In his book Militant Modernism (2009), prolific writer Owen Hatherley takes the 1960s architectural vernacular of his hometown Southampton as a starting point and in the course of four interconnected chapters on brutalism in Britain, Soviet cinema theory and Bertolt Brecht, challenges our well-known rants about Modernism as being alienated, unsexed and totalitarian and points us instead towards a reading of Modernism as a counter-culture and important aspect of Leftist thought. In his chapter on the Brechtian Verfremdungseffekt [English: alienation effect], he notes its origin in the theater’s need to debate with cinema and radio with their ability to reach greater audience; that it is “nothing but a retranslation of the methods of montage – so crucial in radio and film – from a technological process to a human one. It is enough to point out that the principle of Epic Theatre, like that of montage, is based on interruption.”3

This comment on the alienation effect took me back to theories of montage: alienation and engagement processed through editing. It was Sergei Eisenstein who posited that montage was the essence of cinema, re-positioning it as a symbolically loaded action of engagement. He proposed a new editing form, the "montage of attractions" – in which arbitrarily chosen images, independent from the action, would be presented not in chronological sequence but in whatever way would create the maximum psychological impact. For Eisenstein, editing involved the audience more than the passive reception of information from static and lengthy shots and could drive the audience into a frenzy through the dynamism of the rhythm of images.

“DON’T STARE SO ROMANTICALLY” challenged an early play of Bertolt Brecht, demanding critical engagement of its audience. The power of montage comes from the superimposed element that disrupts the context into which it is inserted. Taken a step further, montage can be read as a gesture that engages through performing the context. In Susanne Kriemann’s publications, montage resurfaces as an artistic method, presenting archived materials and allowing an open end to the relationship between historical objects and their various interpretations. One such “open” example is her artist book 12 650 000, in which her combination of archival images with her own photographs allows for a critical view of the object and sets the rhythm of its narration. The book, which was printed in a limited edition of 100 + 10, opens with historical photographs documenting the construction of the 12,650,000 kilogram-heavy Schwerbelastungskörpers [English: heavy load body] in Berlin-Tempelhof, which was built to test the resilience of the ground for the gargantuan “Germania” project that Adolf Hitler and Albert Speer planned for the capital city, and which stands intact to this day. Kriemann cinematographically repeats one archival image showing the completed object 380 times on each page. At the end of the book, one of her own photographs depicts the object obscured by scaffolding during its renovation in 2007.

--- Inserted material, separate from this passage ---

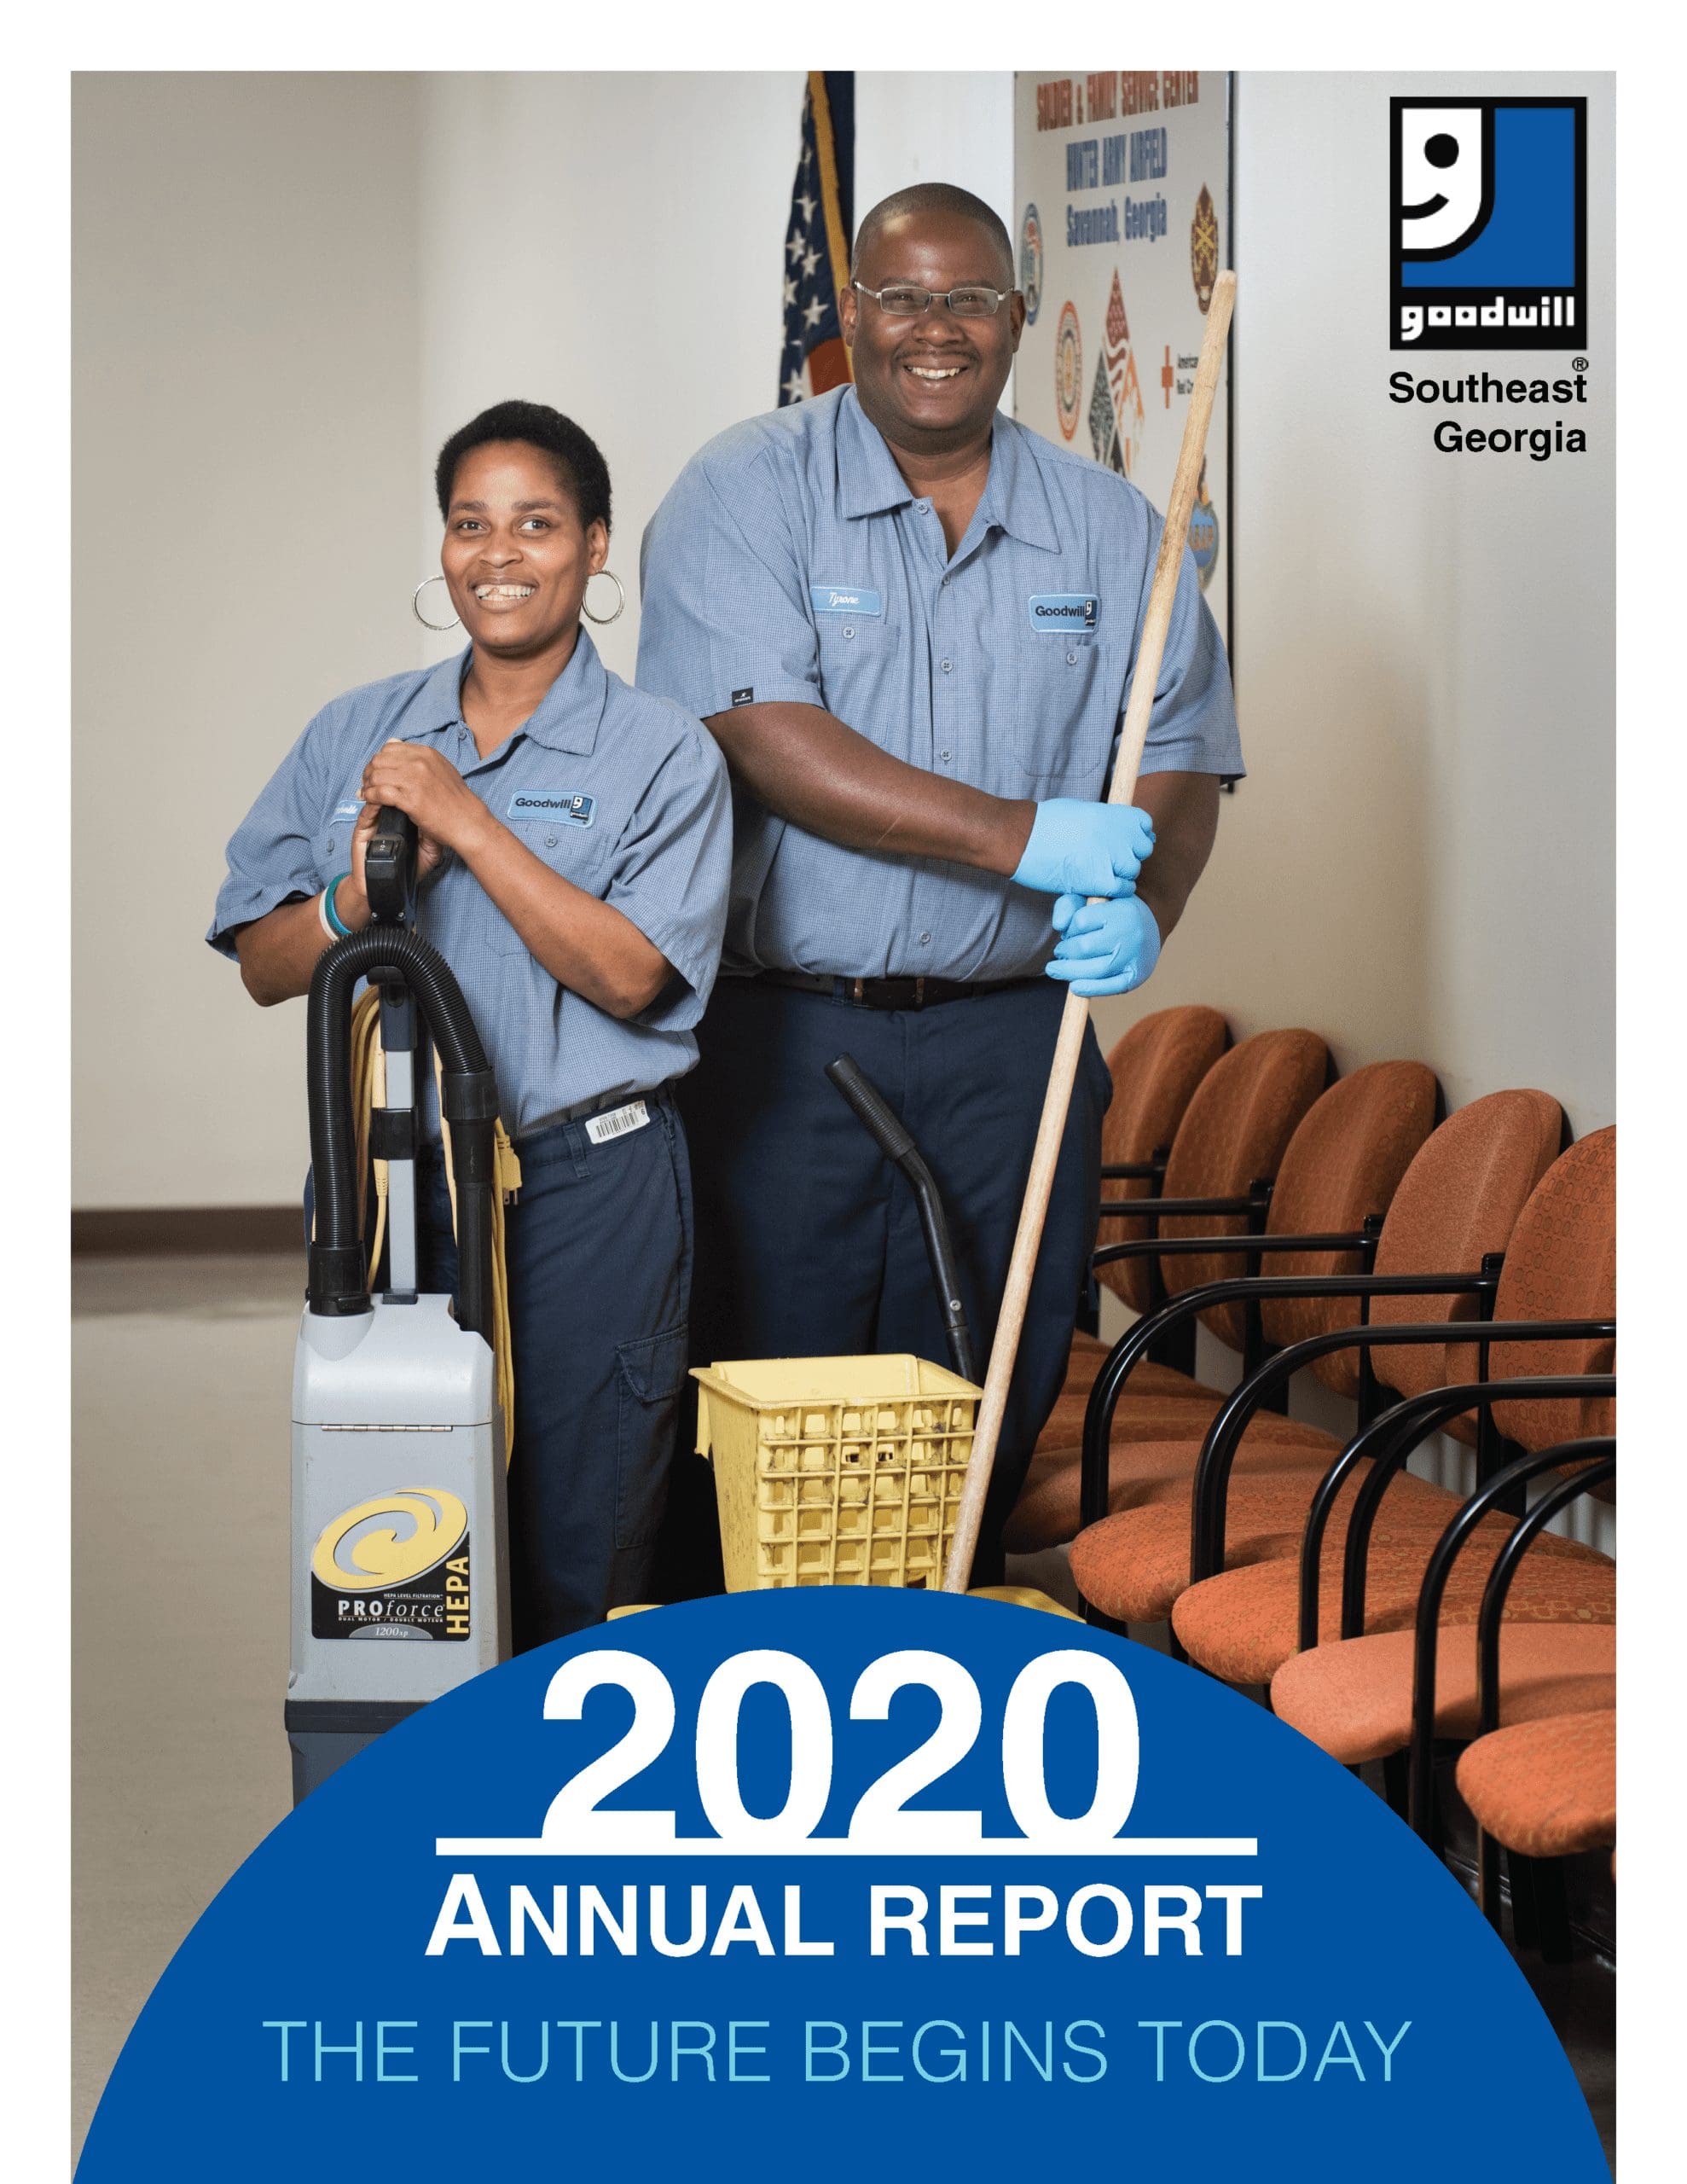 2020 Annual Report GoodwillSEGA 1

Such gestures clearly fracture linearity, questioning the multiple relationships that arise from the images grouped together. They motivate readers to think in terms of fragments, pushing them to imagine possible re-connections between those fragments. Their rhythm of appearance, as well, should not be ignored, but rather intrigue the reader further. Do such gestures fill in the gaps intentionally left open by the archiving state of mind? Or do they create an exclusive layer of a narrative “in-the-making” that proposes another sort of relation altogether with time and its documents? In both cases, an encounter with 12 650 000 invites the curious to participate and perform the references and fragments proposed by the artist. No thing is complete.



Övül Durmuşoğlu

1 Peter Friedl, “History in the Making,” e-flux journal #18, September 2010.
2 ibid.
3 Owen Hatherley, Militant Modernism, London: Zero Books, 2008, 101.